This repository contains a set of python scripts to train and test semantic segmentation using a fully convolutional neural network. The semantic segmentation network is based on the paper described by Jonathan Long et al.
- Since the network uses VGG-16 weights, first, you have to download VGG-16 pre-trained weights from https://www.cs.toronto.edu/~frossard/vgg16/vgg16_weights.npz and save in the the
pretrained_weights
folder. - Download KITTI dataset and save it in the
data/data_road
folder. - Next, open a command window and type
python fcn.py
and hit the enter key.
Please note that training checkpointing will be saved to checkpoints/kitti
folder and logs will be saved to graphs/kitti
folder. So by using tensorboard --logdir=graphs/kitti
command, you can start tensorboard to inspect the training process.
Following images show sample output we obtained with the trained model.
We implement the FCN-8s
model described in the paper by Jonathan Long et al. Following figure shows the architecture of the network. We generated this figure using TensorBoard.
Additionally, we would like to describe main functionalities of the python
scripts of this repository in the following table.
Script | Description |
---|---|
fcn.py |
This is the main script of the repository.
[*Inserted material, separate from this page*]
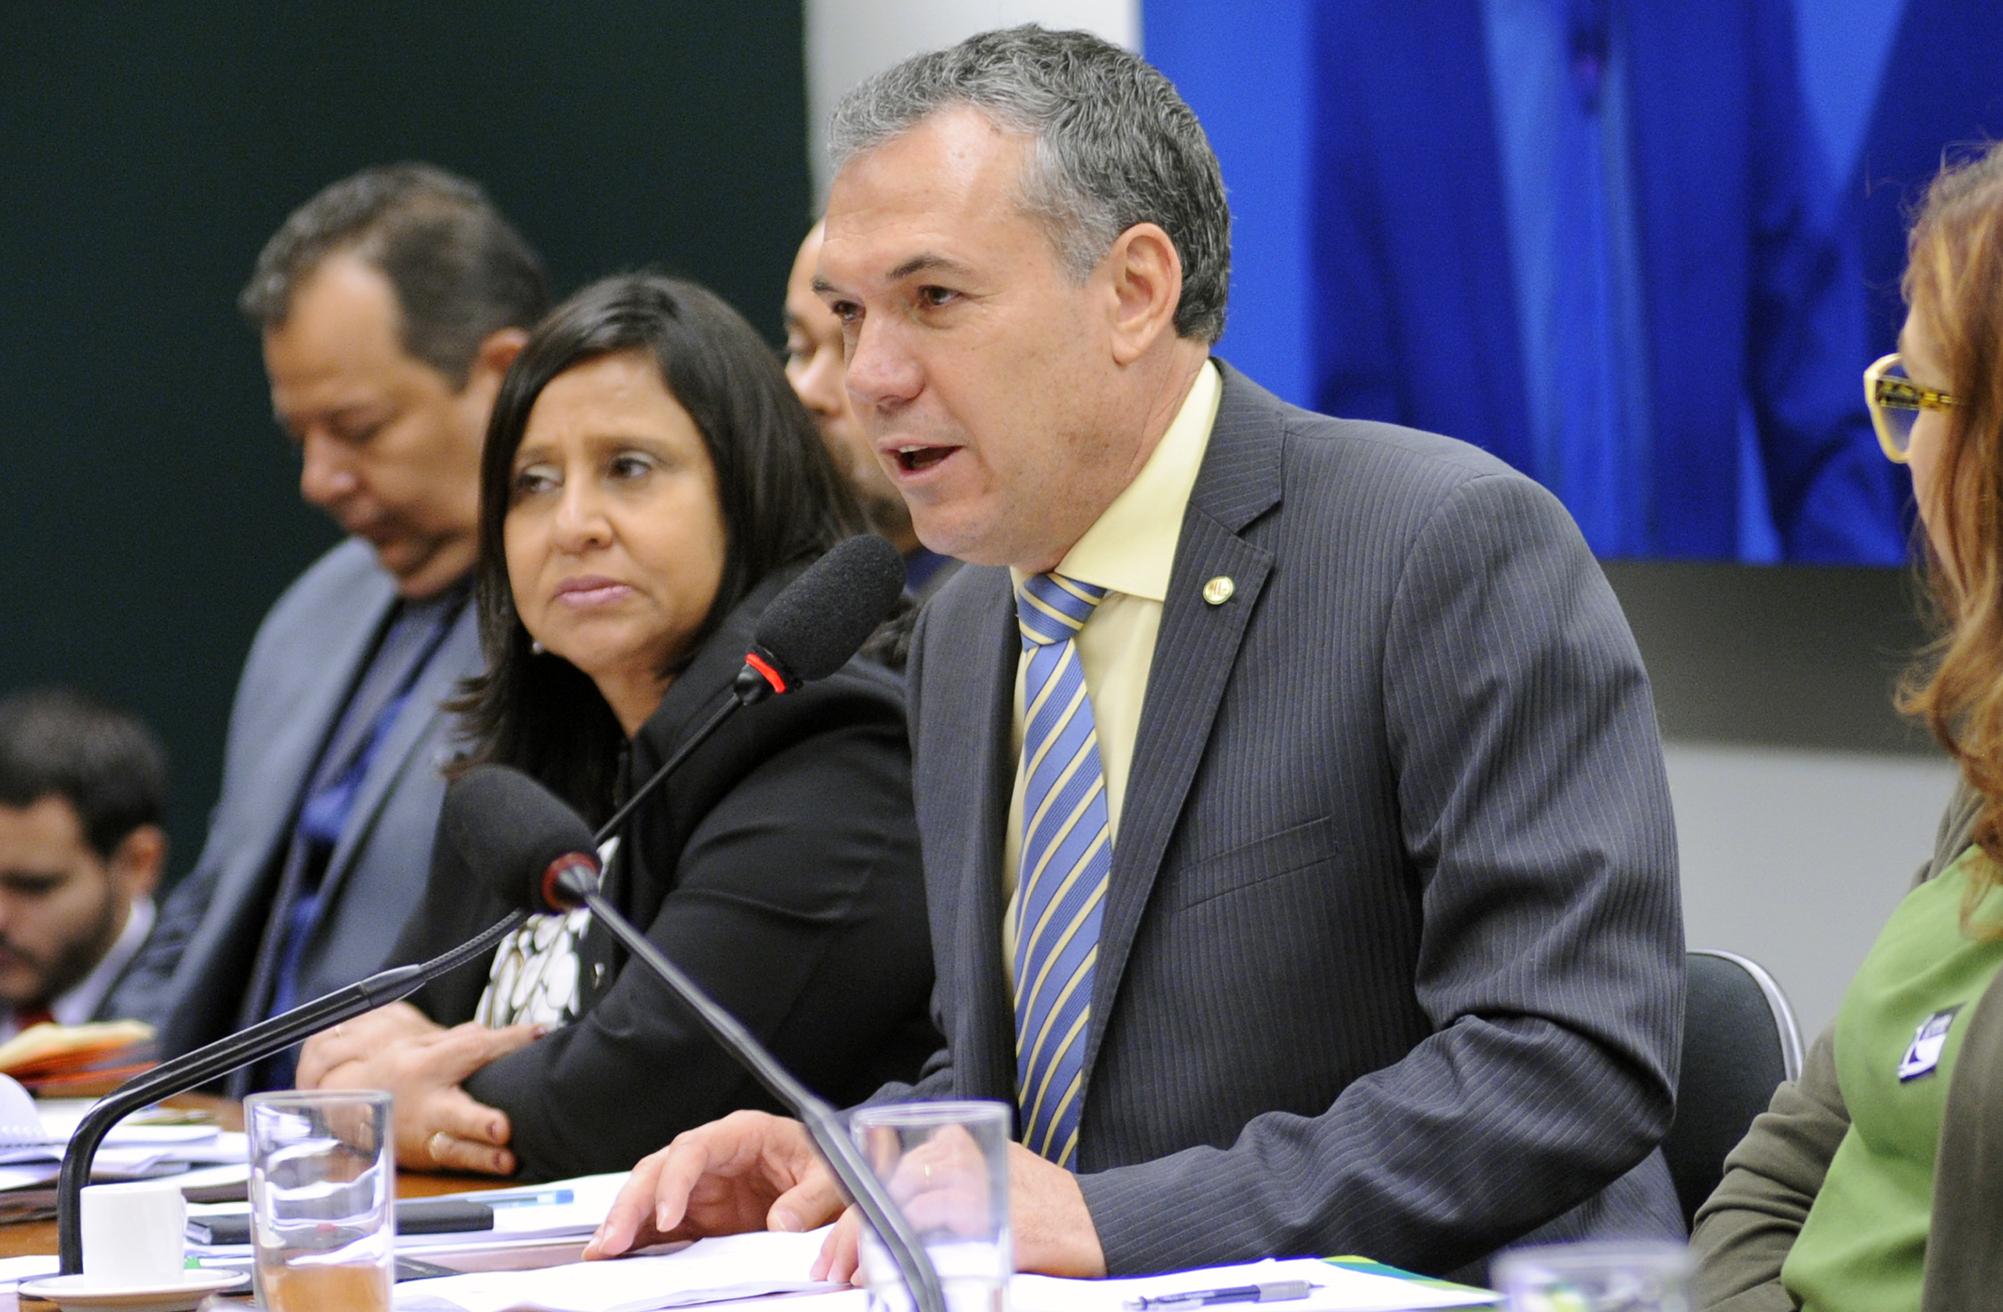 Audiência pública sobre a reestruturação do crédito fundiário. Dep. Zé Silva (SD - MG)

The key methods of this script are:build , optimize and inference . The build method load pre-trained weights and build the network. The optimize method does the training and inference is used for testing with new images. |
loss.py |
The script contains the loss function we optimize during the training. |
helper.py |
This script contains some useful utility function for generating training and testing batches. |
model_utils.py |
This script contains some useful utility functions to building fully convolutional network using VGG-16 pre-trained weights. |
For training the semantic segmentation network, we used the KITTI dataset. The dataset consists of 289 training and 290 test images. It contains three different categories of road scenes:
- uu - urban unmarked (98/100)
- um - urban marked (95/96)
- umm - urban multiple marked lanes (96/94)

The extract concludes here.